Credit:  May 20, 2013 | www.ardmoreite.com ~~

The Legislature’s most vocal opponent of wasteful tax credits said Friday that some legislators are again trying to pass last minute “stealth” tax credits and incentives during the final days of the 2013 session.

 

“Once again a bunch of very questionable tax credits are emerging from the cracks in the walls of our crumbling State Capitol,” said Rep. David Dank, R-Oklahoma City. “There are stealth efforts underway to give away hundreds of millions of dollars at the end of a session when we told our state troopers and prison guards we had no money to pay them a decent salary.”

 

Dank said he has uncovered efforts to insert new or renewed tax credits into last-minute legislation. Among the proposals:

 

  • The current wind-energy tax credit would be extended for an additional five years from its scheduled sunset date in 2016 until 2021.
  • The current coal-tax credit would be extended for seven years, since it is now scheduled to sunset in 2014 and would also be extended until 2021.
  • Both would be converted from transferable tax credits to “refundable” ones that would allow holders of those tax credits to simply cash them in at a 15-percent discount. They would be issued checks from the state treasury.
  • A tax credit for the construction of “affordable” housing sought by a Missouri developer has been revived after it failed to win legislative approval early in the session.
  • A sales tax exemption has been proposed for an upcoming Senior PGA tournament in Edmond.

 

“The wind-tax credit alone, along with all the other special breaks and credits that industry receives, could amount to an additional $200 million or more over the next several years by extending the sunset date” Dank said. “Worst of all, none of these tax credits will carry any restrictions or limitations. And I have been told that the transferable measure went to conference to insert language that exempts the recipients from taxation on their refunds. It’s a double free ride on the backs of the taxpayers. Maybe we should just give them unmarked hundred dollar bills and cut out the middleman.”

 

Dank said the House voted unanimously earlier in the session to support his bill that would set mandatory criteria for all tax credits, including auditing, pre-approval, sunsets, strict reporting, caps and a requirement that any tax credit creates actual jobs.

 

“We said that any new or renewed tax credit must meet those criteria, but no effort has been made to see if these do,” he said. “Did they mean it when they voted for those criteria a few weeks ago, or was that all just a scam to fool the taxpayers.”

 

Dank said the wind tax credits, among the most costly issued by state government, benefit some companies that are selling the power they generate to other states.

 

“The Oklahoma taxpayers are being asked to subsidize electric customers in Tennessee and Alabama,” he said. “That is wasteful and preposterous. Even more preposterous are the claims that the discounts will save taxpayer dollars when any savings will be far out weighted by the sunset extensions of seven and five years.”

 

Dank said the golf-tournament tax exemption is especially troubling, since it benefits an event that is already scheduled.

 

“Now we are being asked to give a sales-tax exemption for an event for wealthy senior golfers from out of state when we cannot pass a sales tax exemption on hearing aids for senior Oklahomans,” he said.

 

Dank vowed to fight the tax credit measures on the floor and will urge Gov. Mary Fallin to veto any tax credit that is passed in the waning hours of the session or does not meet the criteria endorsed by the House earlier in the session.

 

“I call on the governor to send a message that the days of last-minute giveaways at the state Capitol are over,” he said.

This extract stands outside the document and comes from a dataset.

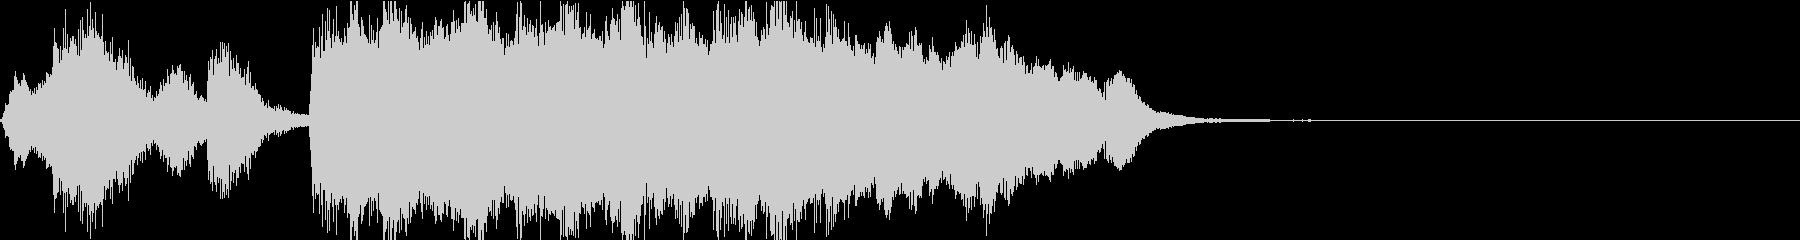 ゲーム・アイキャッチ向け管弦楽ジングルの未再生の波形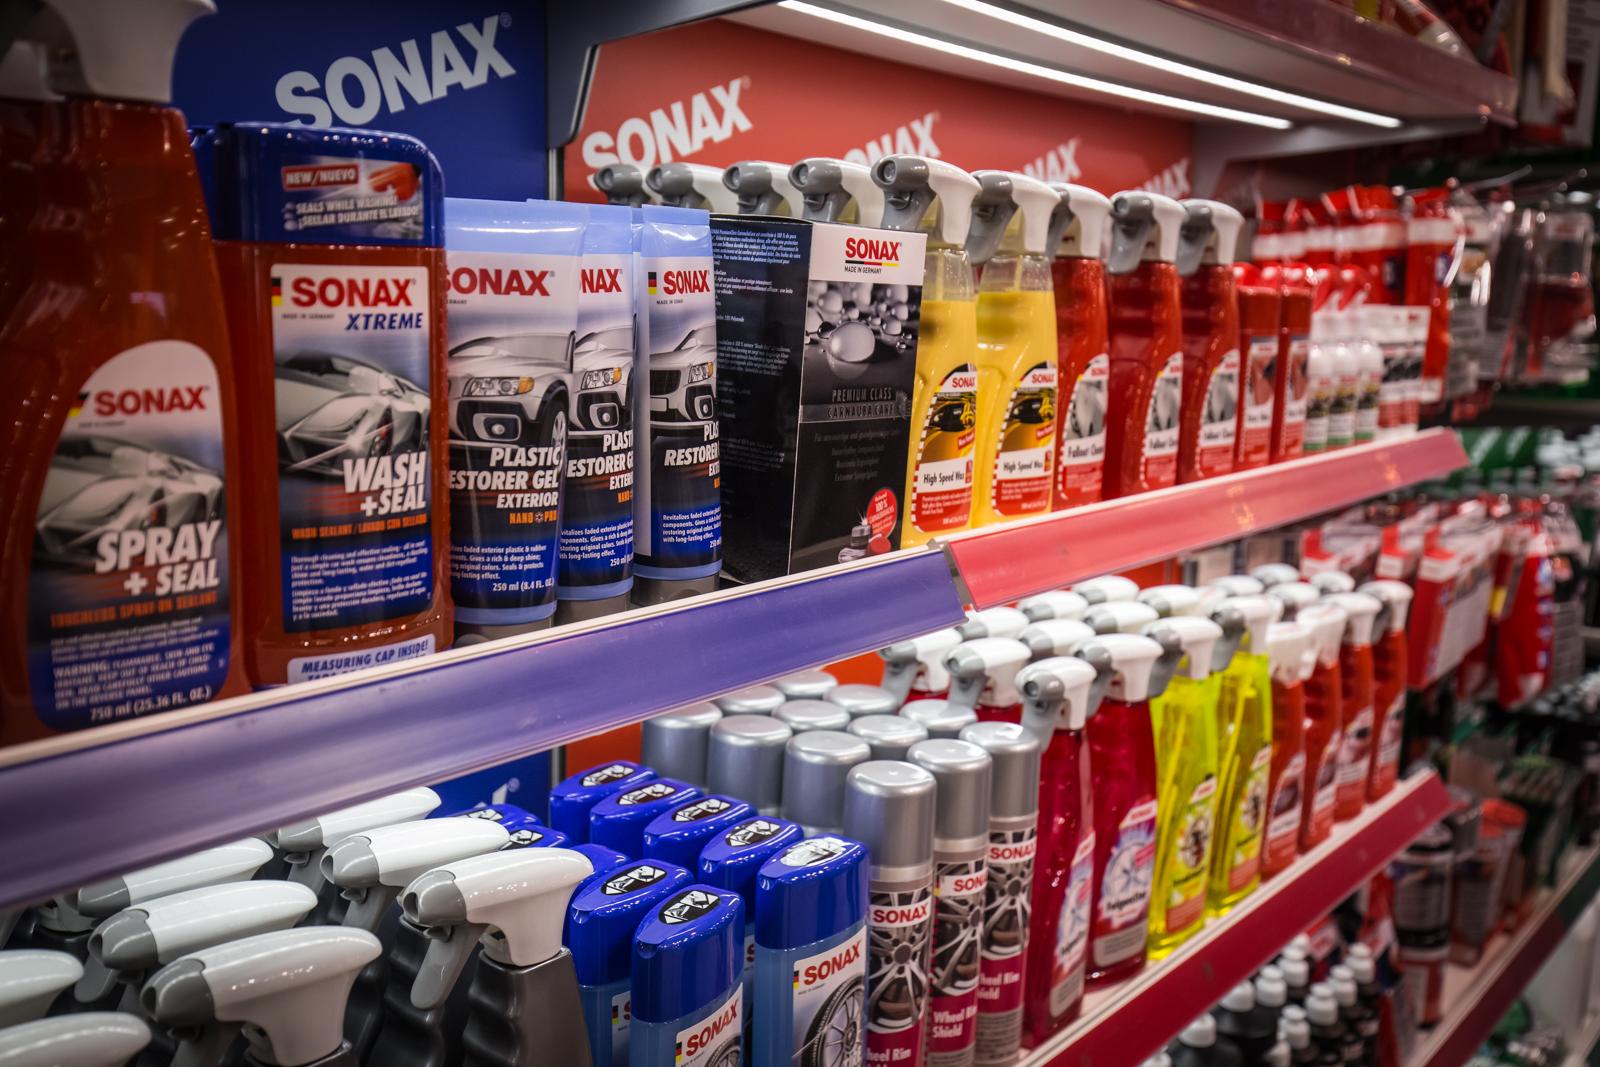 A SONAX minden terméke megtalálható az USA piacán is

Source:  May 20, 2013 | www.ardmoreite.com

This article is the work of the source indicated. Any opinions expressed in it are not necessarily those of National Wind Watch.

The copyright of this article resides with the author or publisher indicated. As part of its noncommercial educational effort to present the environmental, social, scientific, and economic issues of large-scale wind power development to a global audience seeking such information, National Wind Watch endeavors to observe “fair use” as provided for in section 107 of U.S. Copyright Law and similar “fair dealing” provisions of the copyright laws of other nations. Send requests to excerpt, general inquiries, and comments via e-mail.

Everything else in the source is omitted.